ここでは魔物の一種、スライムについて解説しよう。
スライムは主に液体が魔力により半固形化し、自立行動が可能になった魔物である。魔力を全身に巡らせることで形を保っており、行動や思考を司る魔力の中枢、所謂核は活発な魔力の動きで色が違って見える。
構成組織はほぼ水分で、魔力が宿った先が強酸や溶岩でもない限り、触っても害はない。ちなみに触感はぷよぷよするものからべたつくものまで様々あるが、違いは形状維持にどれだけ魔力を使っているかによる。
要するに、弱点が一目で分かり、魔力の繋がりが断たれた部分は再生できず、触られても大した害はない。こりゃ弱い。

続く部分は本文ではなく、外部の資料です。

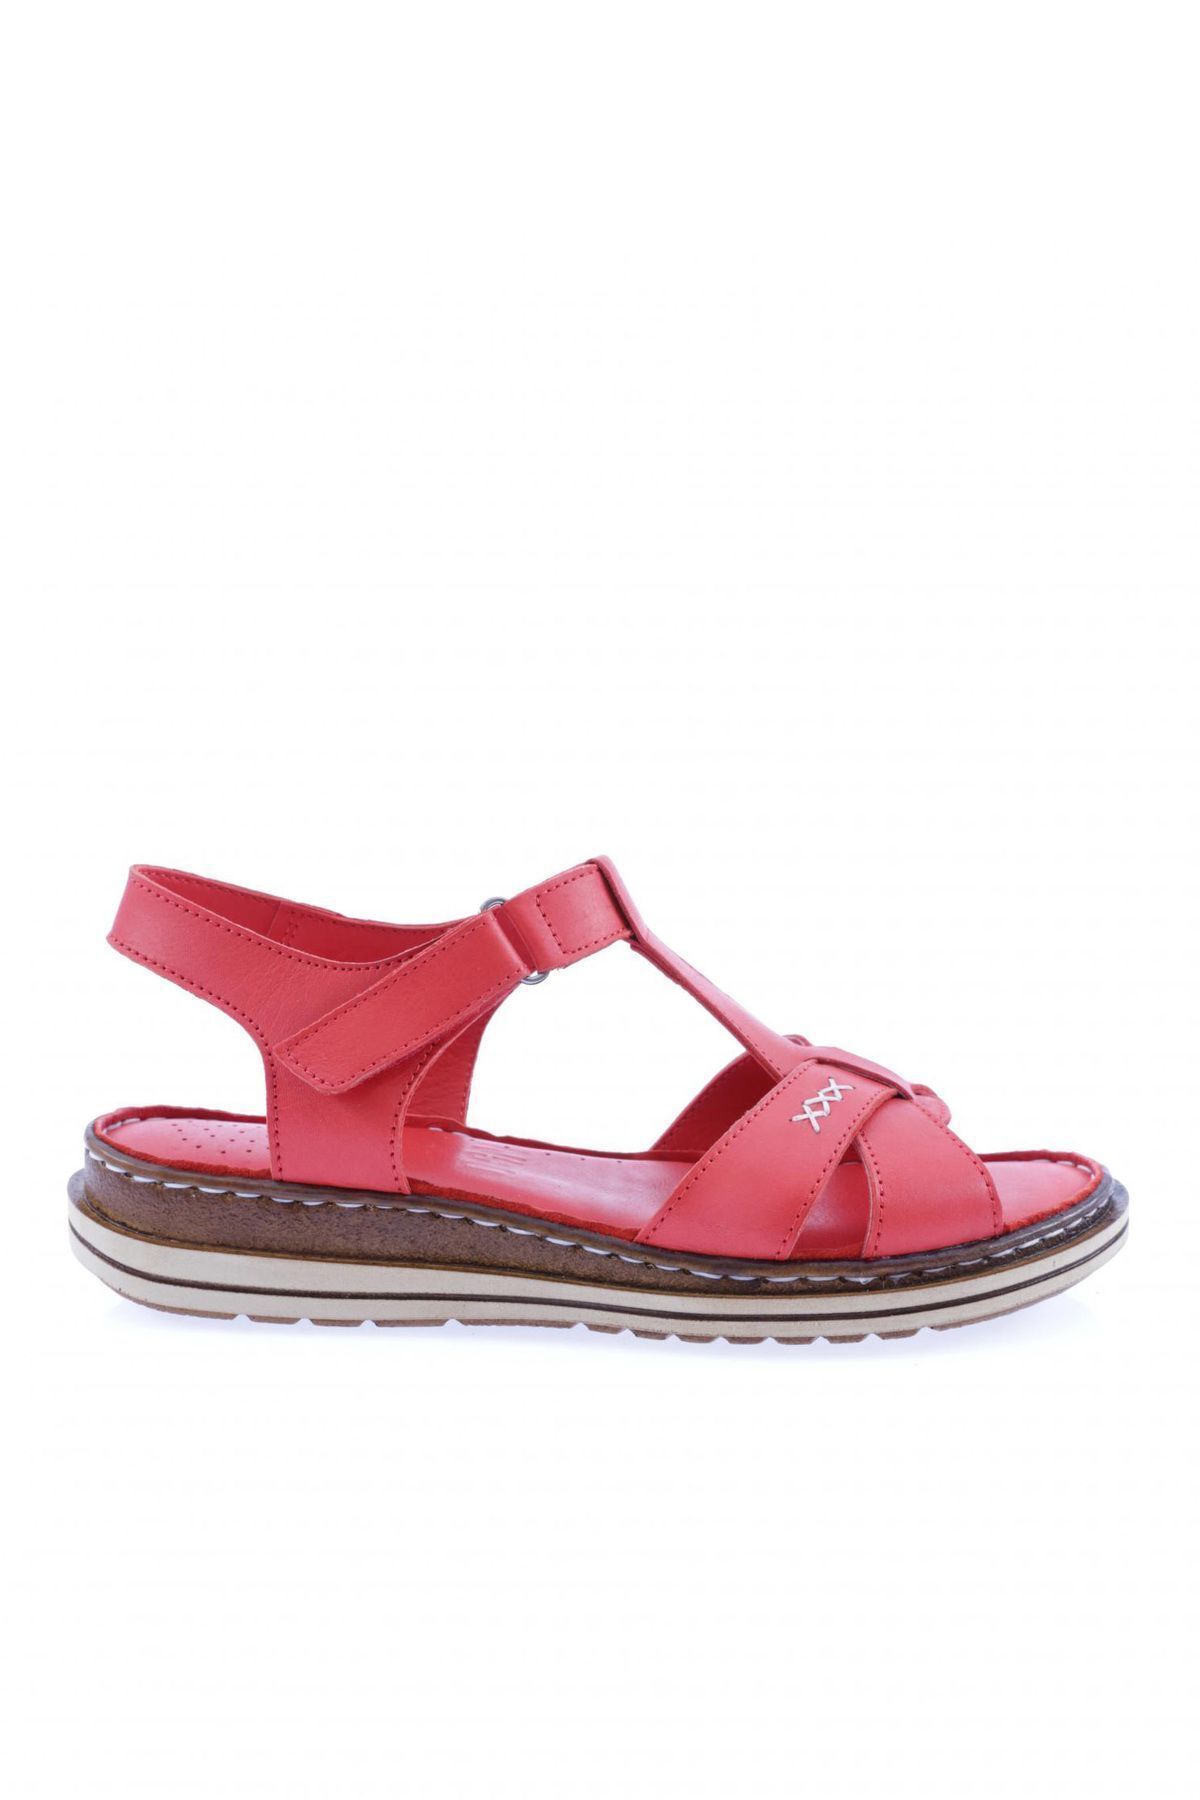 Dgn X002-23y Kadın Çapraz Bantlı Cırtlı Sandalet Hakiki Deri Kırmızı

だが膨大な魔力を貯め込んだスライムは知能を持ち、生き抜く為の工夫を始める。
魔力量に比例して細部まで自在に変化できるようになるので、状況によって人型や武器型に形態を変える。射程や硬度、範囲まで自由になれば、生半可な冒険者では手に負えないレベルにまでなることもある。
他にも身体を不透明にして核を見えなくしたり、逆に核を分けてライフを増やしたり、斬られても即座に再生したり、致命傷を避ける工夫も見受けられるようになる。
もっとも、生存率を上げるだけなら、人間の仲間になるのが一番なのだが。
此処に挙げられている図は人と共存している個体の一例で、第三回愛玩用スライム品評会の芸術部門で特別賞に輝いた、物語『湖の主の一人娘』のヒロインの容貌を真似たハヌーレン嬢。出陳者はメルメ・ランジット氏。